I think main difficulty may lay in scenario like that:

  1. Create object at caller:

    final Object lock = new Object();

  2. In client, pass it via RMI call to remote server:

    remote.doSomeStuff(lock);

  3. In server, try to do sync:

    void doSomeStuff(final Object lock) { synchronized(lock) { ... } }

  4. Now, main problem is how to ensure synchronization between server & client, in case when client also wishes to acquire monitor of lock object.

Victor Sorokin
Well, in that situation i think it's a pretty common opinion that the synchronization is in fact on the lock stub, not the remote object. So, in general, that when you write `synchronized(object){...}` and if object is a remote object, you are in fact synchronizing on the local stub and not on the remote object. I would not expect something different.But note that the problem that the question speaks about is totally different. Your answer poses the problem of distributed synchronization, while my question is on local synchronization (where synchronizations are in the server side).
Andrea Zilio
I think that problem vaguely mentioned in `Wollrath` excerpt relates to scenario I described.I would expect server-local sync to work, since would it not work it will mean violation of Java concurrency framework. And it would be very strange :)
Victor Sorokin
A: 

What your first reference is saying is that within a single VM instance, invocations on an RMI Stub (client to an RMI server) will be internally synchronized. That is, the stub (or proxy, as the text seems to call it) itself will prevent multiple threads from concurrently invoking a method on the remote server.

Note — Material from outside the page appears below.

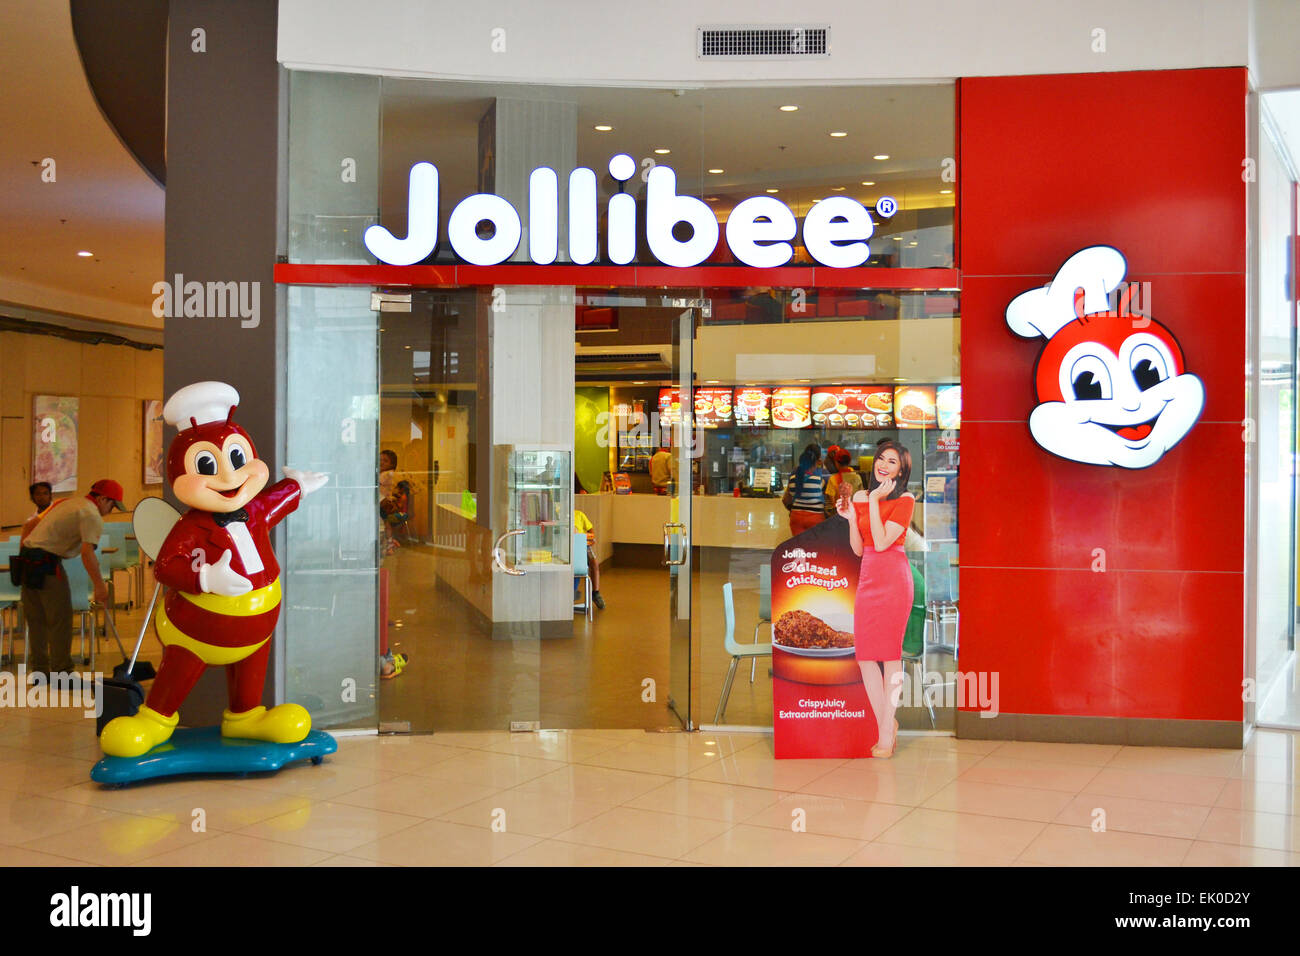 Jollibee Fast Food Restaurant Jollibee Is One Of The Most Famous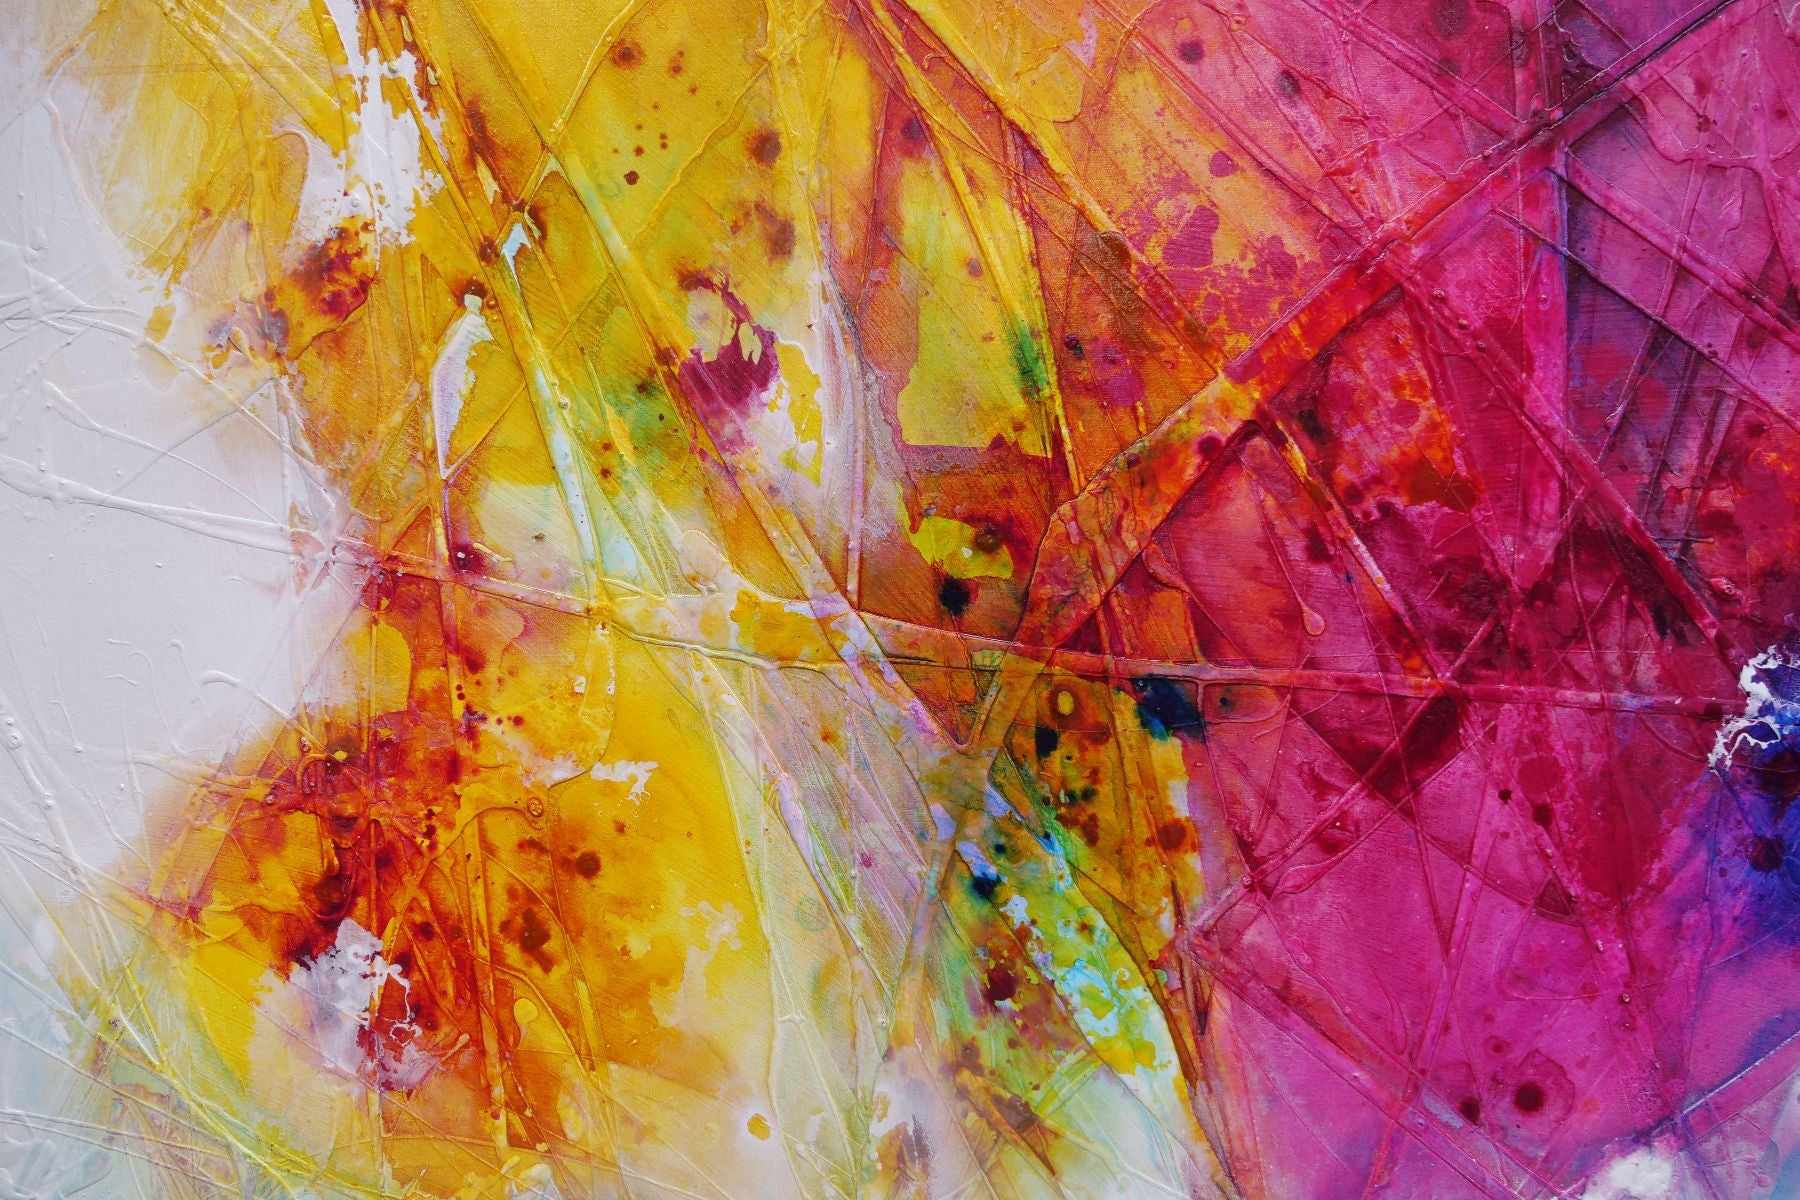 Inked Colour Pop 240cm x 100cm Colourful Textured Abstract Painting (SOLD)

It clarifies, however, that two VMs each with stubs for a remote server will not be blocked from concurrently invoking the remote server (which is obvious, because they cannot share a lock, and RMI itself does not prevent concurrency at the server). If this is undesirable, the RMI server will have to implement a locking mechanism to prevent multiple concurrent invocations.

The second reference does not in anyway contradict the first. The second merely clarifies that if you try to synchronize on a stub, it will only be locked locally, and will not impact the concurrency of the remote server.

Combining the two texts, we can read that synchronizing on a stub will prevent the multiple threads in the same VM from concurrently accessing the remote, but will not prevent threads in distinct VMs from concurrent access.